The Intangibles (10 possible points)

This category is for the handful of other things that can set a movie apart. Waves are an intangible because the surf doesn’t have to be perfect Pipeline. A film about unexplored waves can be compelling regardless of the perfection of the waves. Another intangible is diversity. From gender, to boards, to surfers, mixing things up is good.

The Cultural Footprint (10 possible points)

The above categories combine with historical timeliness to dictate the cultural footprint of a film. Recognizing importance and quality necessitates considering how firmly the footage roots itself in the cultural imagination. A good surf film can establish a director’s reputation, make surfer’s career, and articulate personality and style. Most impressively, a surf film can reach outside of the hardcore surf canon and capture the non-surfing world’s imagination. The best surf films shape surf culture by shaping non-surfing communities because, like it or not, the future of surf culture is people who don’t surf yet.

With those categories in mind, it is time to parse Stranger than Fiction.

Surfing 10/10

Stranger than Fiction features near-toxic levels of progressive surfing. Taylor Steele is a premier auteur of surf filmmaking, so surfing’s biggest names Voltron up at Steele’s signal. The opening montage names featured surfers: Andy and Bruce Irons, Taj Burrow, Jordy Smith, Josh Kerr, Dane Reynolds, Kalani Robb, Julian Wilson, Dusty Payne, and more.
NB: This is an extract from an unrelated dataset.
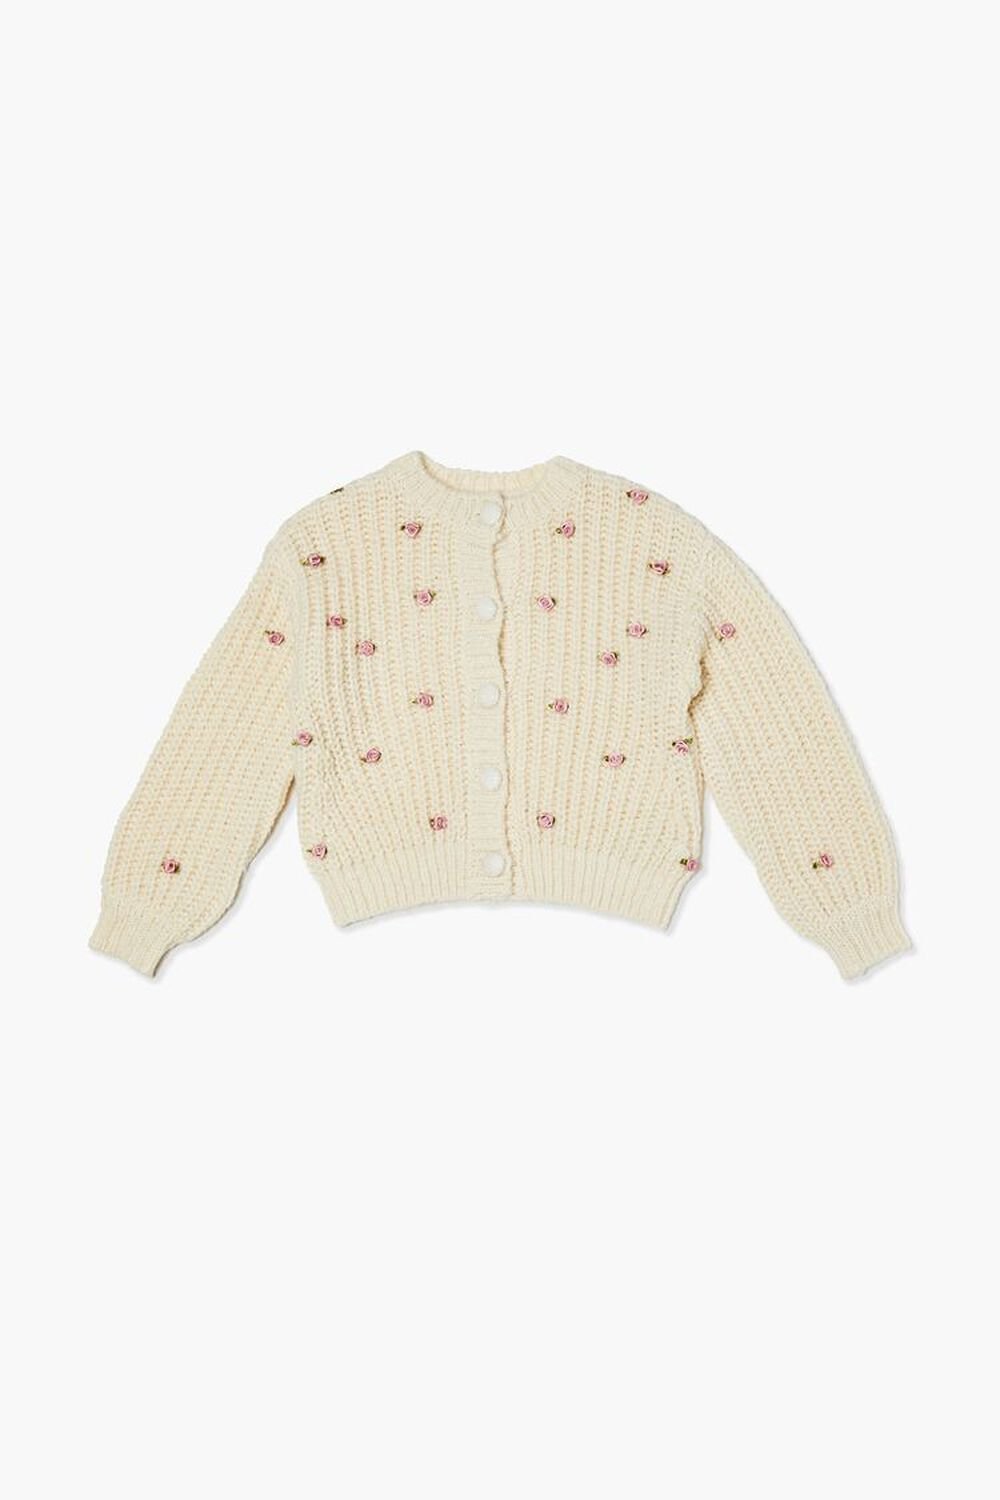 CREAM/MULTI Girls Rose Cardigan Sweater (Kids), image 1

Then, after the title pops up and the narrative device is re-introduced, another dozen surfers with guest spots are listed. Kelly Slater is the only surfer on earth not in this film, which feels disappointing (at the time it made sense, due to Kelly’s film schedule).

Narrative 10/10

The history of surfing is unraveling! Scandals rock the surf industry. Newscaster “Katrine McLovin” delivers segments like: “Dane Reynolds reported today that he pulled off the first ever double-flip aerial, but viewers complained they could still see the ropes used to stage the stunt,” while the bottom line streams by with breaking tidbits: “Joel Parkinson: ‘I’m actually a cat person’”
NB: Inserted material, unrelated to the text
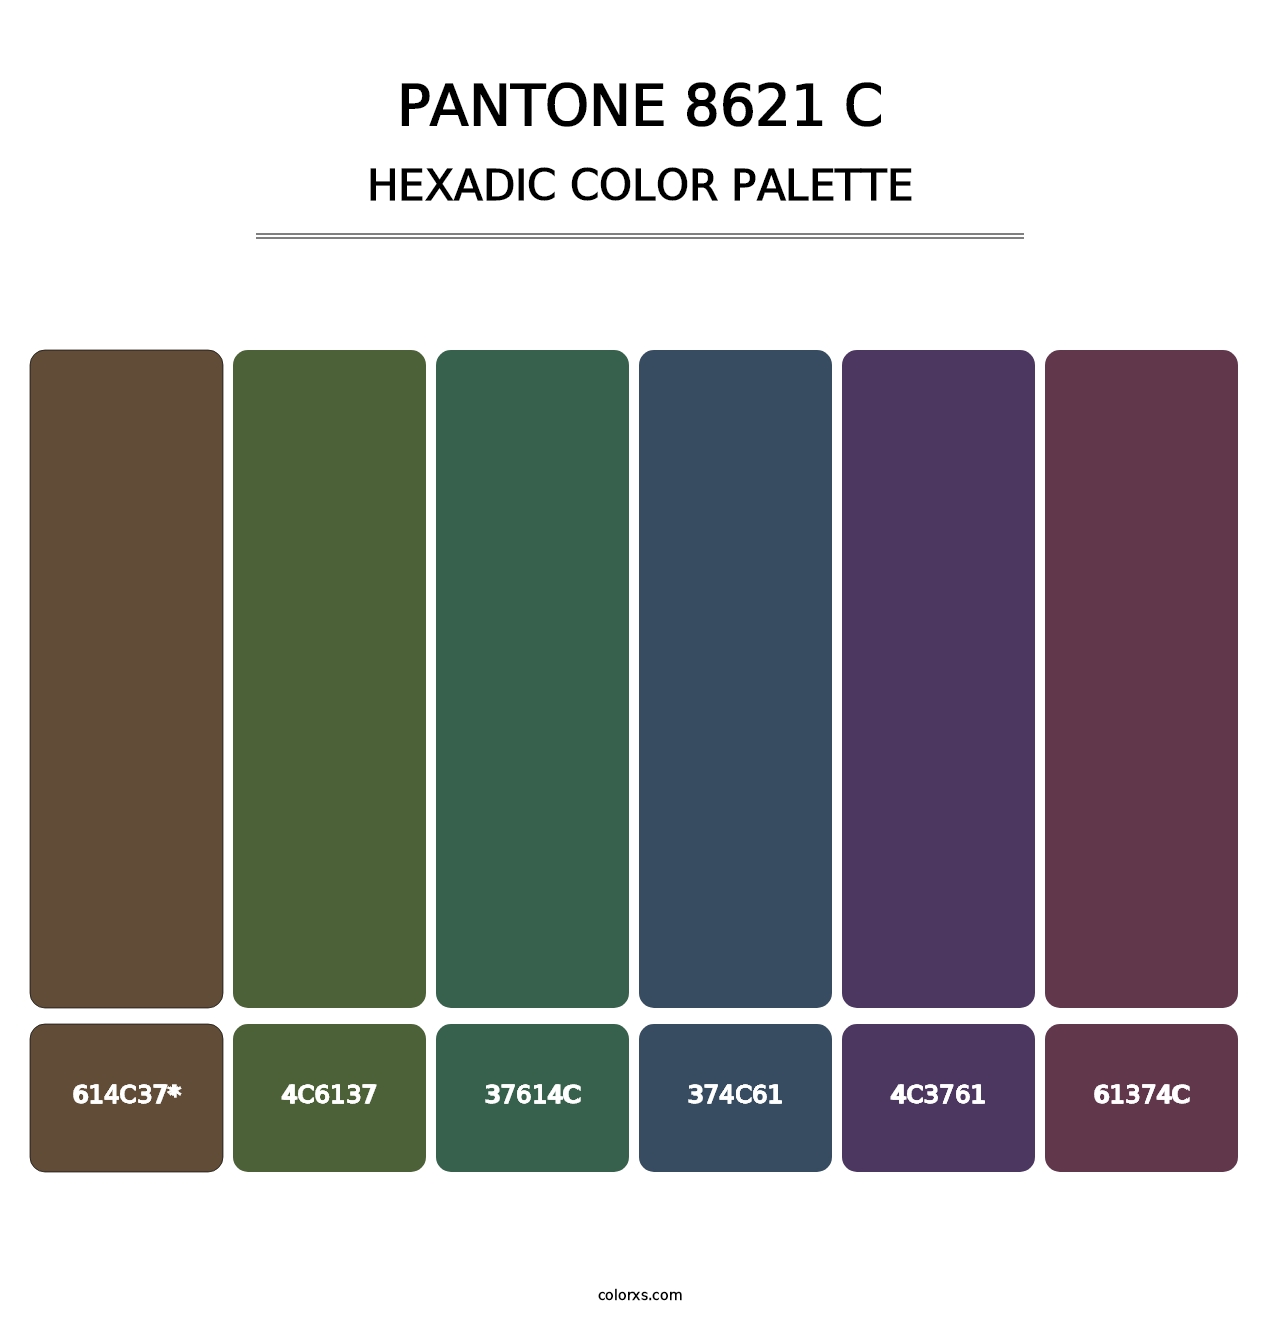 PANTONE 8621 C - Hexadic Color Palette

Pros are interviewed in silhouette like unnamed witnesses in a crime documentary. Benji Weatherley offers witness testimonial: “The first time I walked in on Kelly Slater doing backflips on a trampoline I was like ‘What? Why is my favorite surfer in here doing backflips?’ and he broke it down. I cried. I literally cried. Then, after ten minutes, I was over it, because I was doing backflips too. Now I do better backflips than I’ve ever done.”

If it seems hard to think of a better thread to tie otherwise incoherent segments of grotesque progression surfing together, don’t worry; no one has thought of a better premise for a feature-length surf porno.

Soundtrack 5/10

Moan-sung lyrics like: “Cuz I’m a punk rocker, yes I am” cannot be saved, even by Kalani Robb’s fierce shredding. It’s cute that maneuvers are often tethered to instrumental cues, but wow is there some bad music in this film.

The Intangibles 6/10

Waves are assaulted across the globe, but little time is devoted to reaching to those waves or otherwise building the gravity of these breaks. Steele’s concern is about the surfers. By placing the surfers and only the surfers in the foreground, he discretely acknowledges the fact that this movie is supposed to boost the career of every surfer involved. That there are no women is a testament to the cultural shifts in the sport. Board diversity is lacking as well.

Cultural Footprint – 6/10

Stranger than Fiction persists in the surfing world due to the premise, but it never managed to transcend the surf world (in fairness, it never aspired to be more than what it was – a mega-edit of the surf influencers of the period). This flick is just short of achieving the best possible score for high-intensity progressive surf smut, making a great watch for surfers, but not worth showing to a non-surfing friend unless they have some text messages to catch up on or prefer background noise while trolling Tinder.